[Data records]
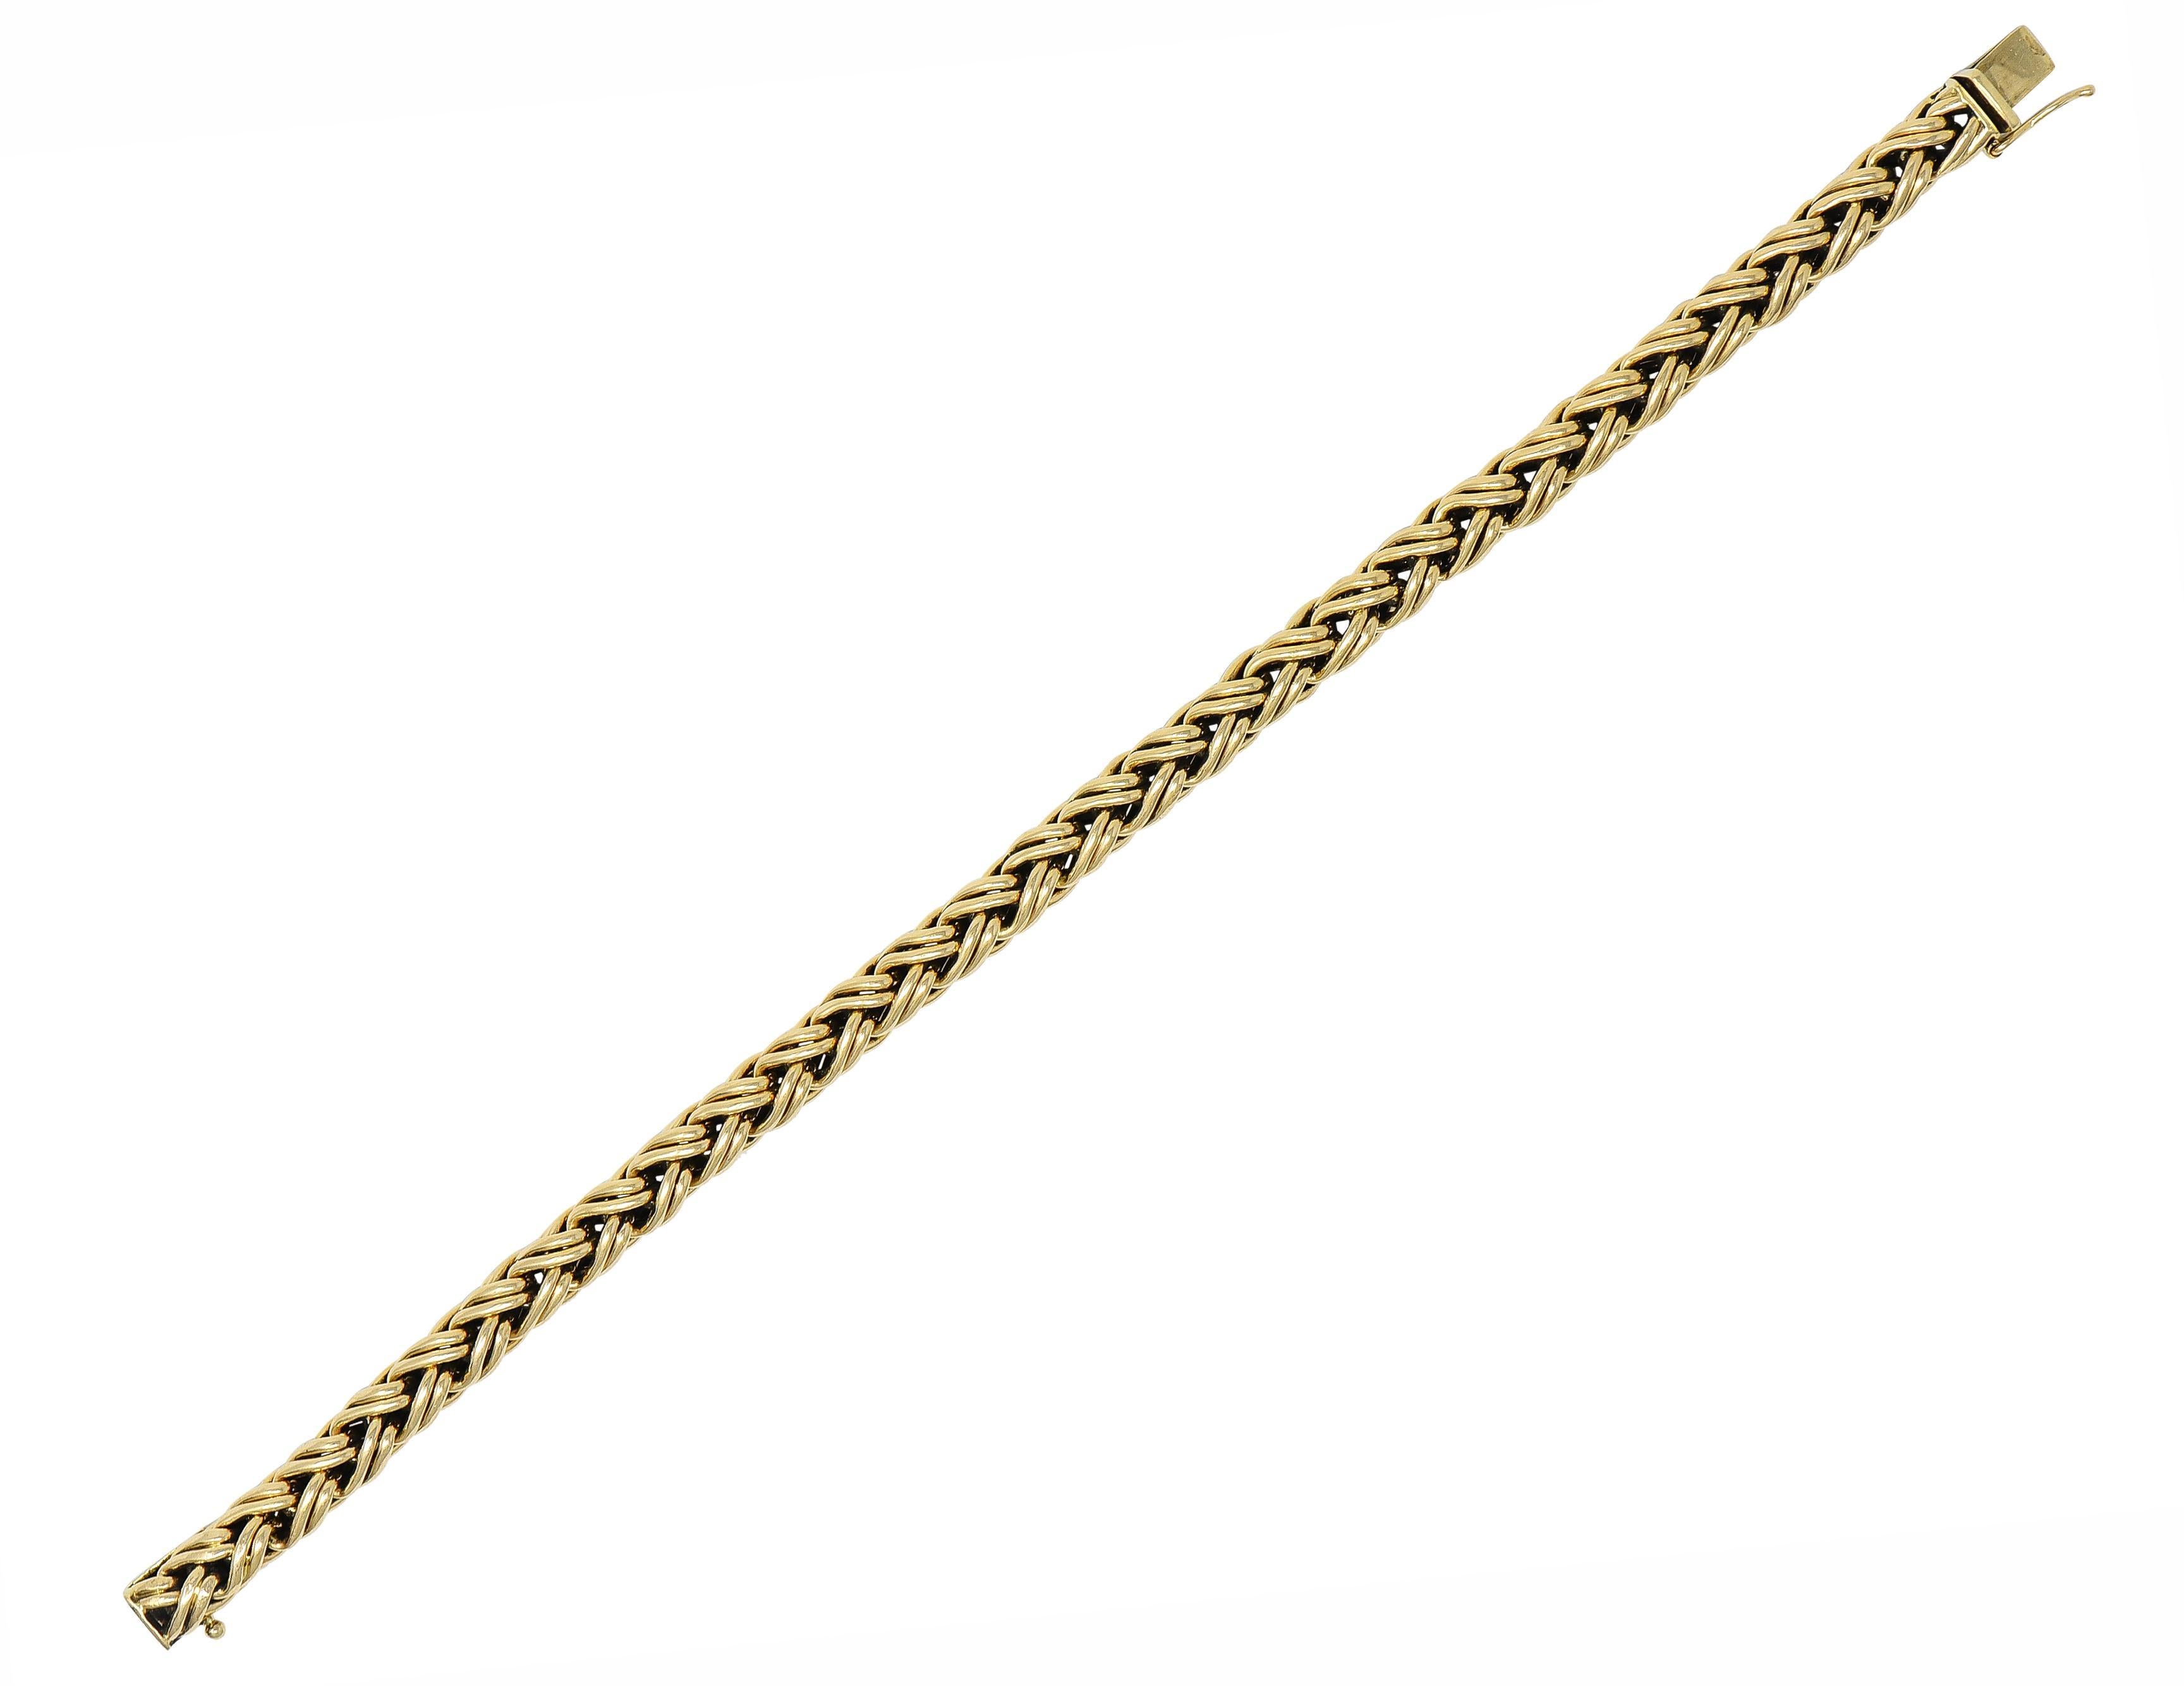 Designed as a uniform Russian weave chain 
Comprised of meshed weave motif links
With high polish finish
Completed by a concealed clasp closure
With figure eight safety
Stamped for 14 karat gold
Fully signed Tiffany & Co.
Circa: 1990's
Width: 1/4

Required action →
Lines holding the word "With" are the answer; copy each one from the records above.

Result →
With high polish finish
With figure eight safety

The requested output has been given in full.